Thankfully for the artist, the Bible does provide solid positive direction towards artistic endeavor and interaction. At the most basic level, God called man to live in His image, an image which includes the greatest artistic work ever produced. He called him to produce works of art, from carving to poetry to song and beyond (Ex. 36:1; Eph. 5:19). To demand that any art so produced immediately be destroyed or cloistered from human eyes due to its inevitable imperfection would be absurd, a denial of God’s good gifts. Furthermore, God called man to create a culture which honored Him, separate from sin (holy). This command did not lapse with man’s ability to fulfil it, and art is a part of it (Lee 2:00; Van Til 57, 59-60). This responsibility necessitates interaction with the culture as it is (within the bounds of prudence), in order to draw a course from Is to Should Be. In order that this understanding might be complete, though, the Christian must approach art as art, according to its purpose. Therefore, Christians have a responsibility, insofar as their individual callings comport, to approach art as art, in addition to assessing it on other grounds (financial, educational, etc.), in order to see the good and the bad within it, in order to turn more closely to God.
This Christian prerogative to interact with art does not end with the end of art made by Christians. Pagan art, while generally morally inferior (if often more beautiful than the banal ugliness of some ‘Christian’ artists), still contains, by the grace of God, a measure of truth, goodness, and beauty (Van Til 108, 118). After all, though man is depraved and fallen, he still has an innate longing for and awareness of God, overwhelmed as it is by his hatred for Him (Rom. 1:20; Van Til 120). This innate knowledge of God’s character, both in the man’s own heart and as he sees the world with his senses, can produce in his art real virtue. Of course, much of what pagans make will be too immoral or too ugly to be worth the time it would take, but that does not make the entire grouping illegitimate. By God’s grace, good exists within the art, unwilling homage to the Lord of heaven and earth, homage which will someday open redound to him (Rev. 21:24).
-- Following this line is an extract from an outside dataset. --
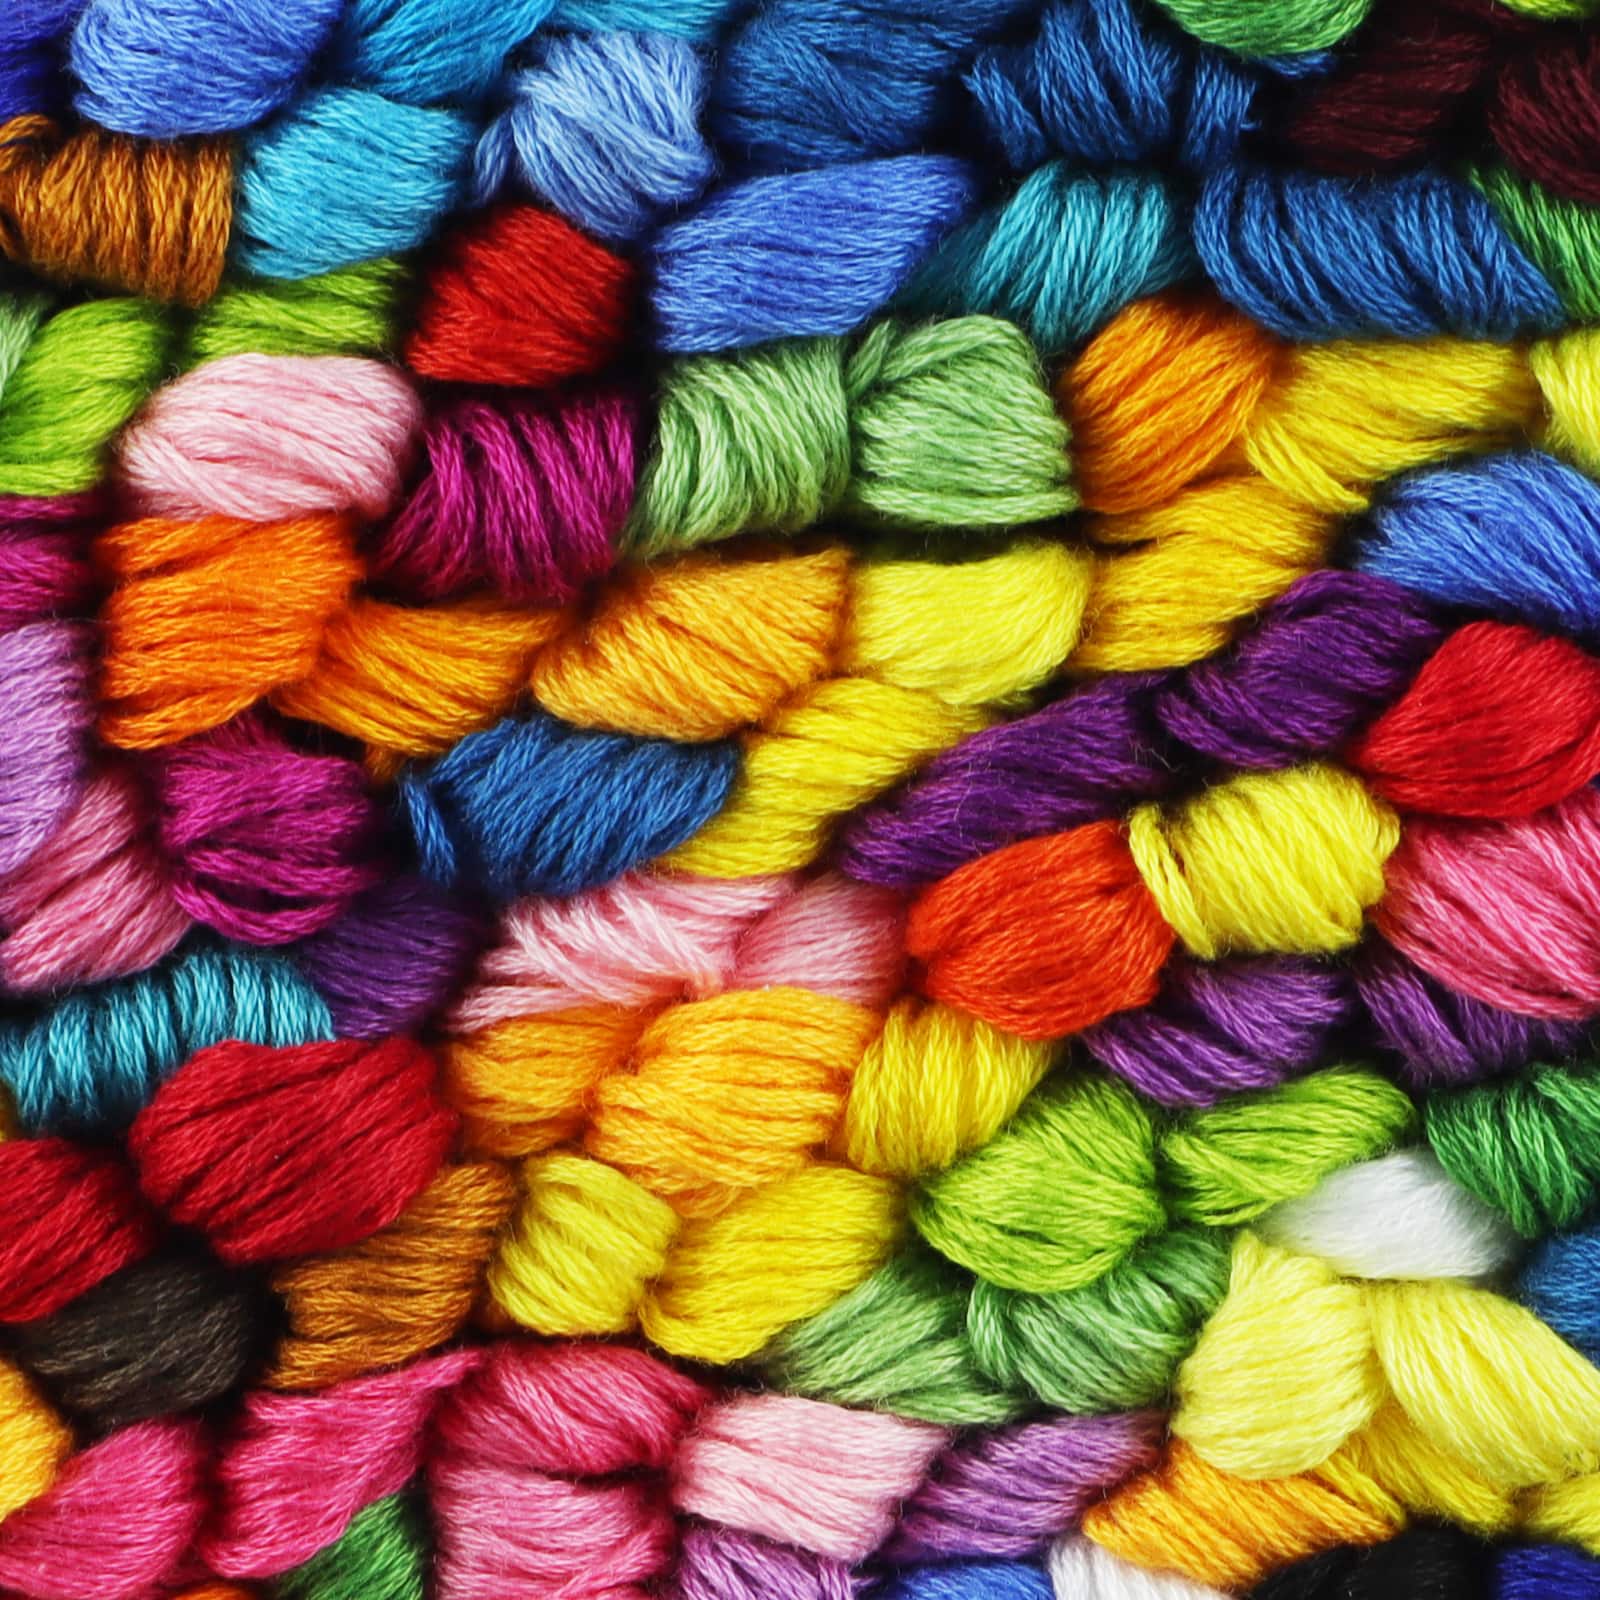 Rainbow Color Embroidery Floss, 250 Skeins Cross Stitch Threads Cotton  Friendship Bracelets String 8.75yd/per with 6 Strands for Cross Stitch  Handmade

Thus, the Christian has the right and the duty to interact with some section of the art of both the regenerate and the unregenerate for these reasons at least, besides others unenumerated.
While on this earth though, the Christian must consider the question of whether interacting with a specific work of art will have greater cost or benefit to him (pornography being the most obvious example of excessive cost). The cost, in this case, is the evil influence of the art upon the reader’s soul (and the opportunity cost); the benefit is the good influence upon his soul. These influences come in many paths and types, as will be seen, but fundamentally can be categorized into the good and the evil for their relevance to the question of ‘ought I receive (read, watch, et cetera)?’ That some evil influence will have to be accepted has been shown already; the Bible alone is given to the modern man as art without defect. This evil influence must therefore be weighed against the good influence of the same work, in light of the individual person and the individual methods of interaction, in order that he might benefit himself more than he harms.
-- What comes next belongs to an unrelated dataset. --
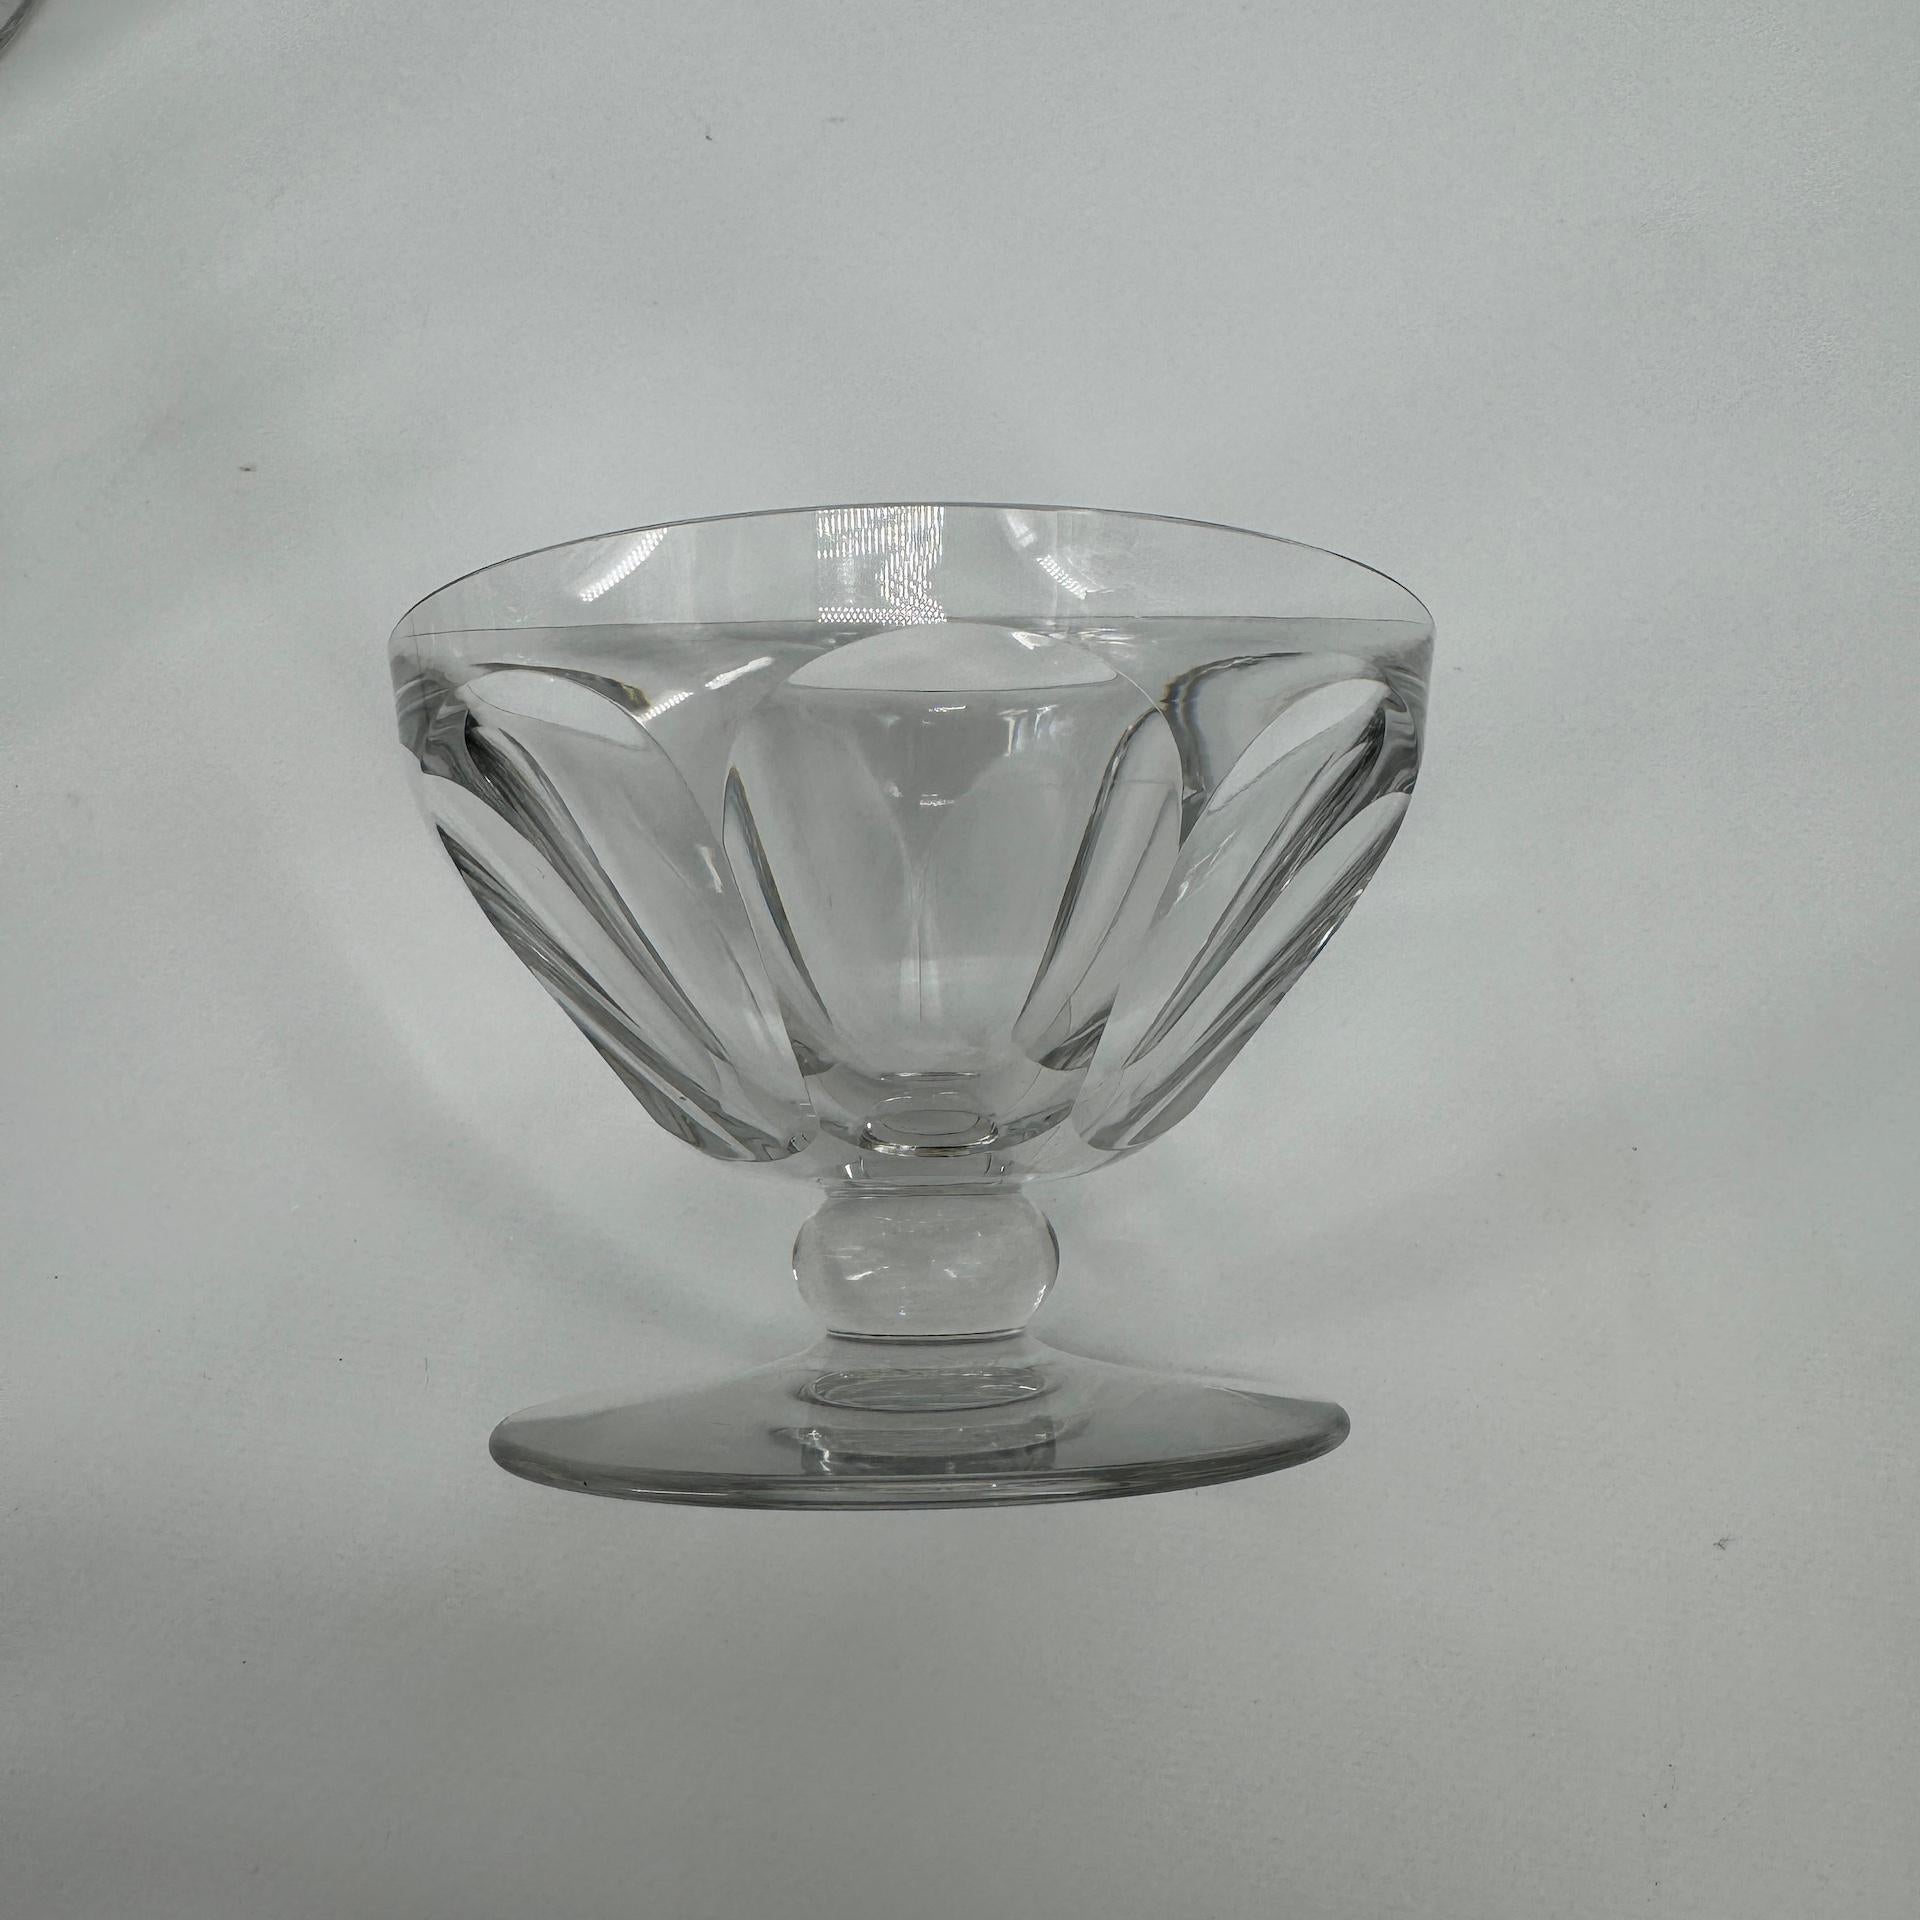 8 Baccarat Crystal Champagne or Cocktail Glasses, Talleyrand Model, Art Deco Era For Sale 4

What are the potential dangers of interacting with a given piece of art? They come in three general types: opportunity cost, consciously learned lessons, and subconsciously learned worldview. The first, opportunity cost, is the question of whether this piece of art is the best one available and if other concerns besides art are more pressing or worthwhile at the present time, a simple concept but reliant for its analysis on the sum of the other elements. The second, consciously learned lessons, are the parts of the story the reader consciously receives, analyzes (hopefully), and accepts. A man might, for instance, watch Cuties, spend some time in thought, and decide pedophilia is a righteous course. This type of evil influence passes through the mind, through consideration, and is the lesser of the two positive dangers of art because this path is mediated by the mind. A Christian who encounters such an influence is in danger of accepting a lie, certainly, but he is given also the opportunity to see and reject it for what it is under the light of day.
The third category of danger, in contrast, does not ask permission of the man’s reason before making a home in his soul. Art has the ability to provide to its enjoyers a new framework, partially or total, with which to view the world, particularly by means of repeated exposure, particularly to the unguarded or inattentive mind, as can be seen by inspecting the power of one type of art, the story. Stories, “in transforming the elements of Primary Creation which they use, endeavor to show the reader how he ought to view those elements, in his own life and in others. Stories tell of man’s relation to man, to the world around him, and to his God above him” (Potter, Sub-Creating Secondary Creation). This statement applies, through differing mechanisms and to different extents, to every work of art, because every work of art presents a specifically distorted image of the world, distorted in a way that reflects the author’s purposes and character. Art then impresses this into its audience, especially if that audience is giving little consideration to the theological underpinnings of the art, speaking, by virtue of sheer breadth, in a way which the recipient’s reason does not fully comprehend or mediate.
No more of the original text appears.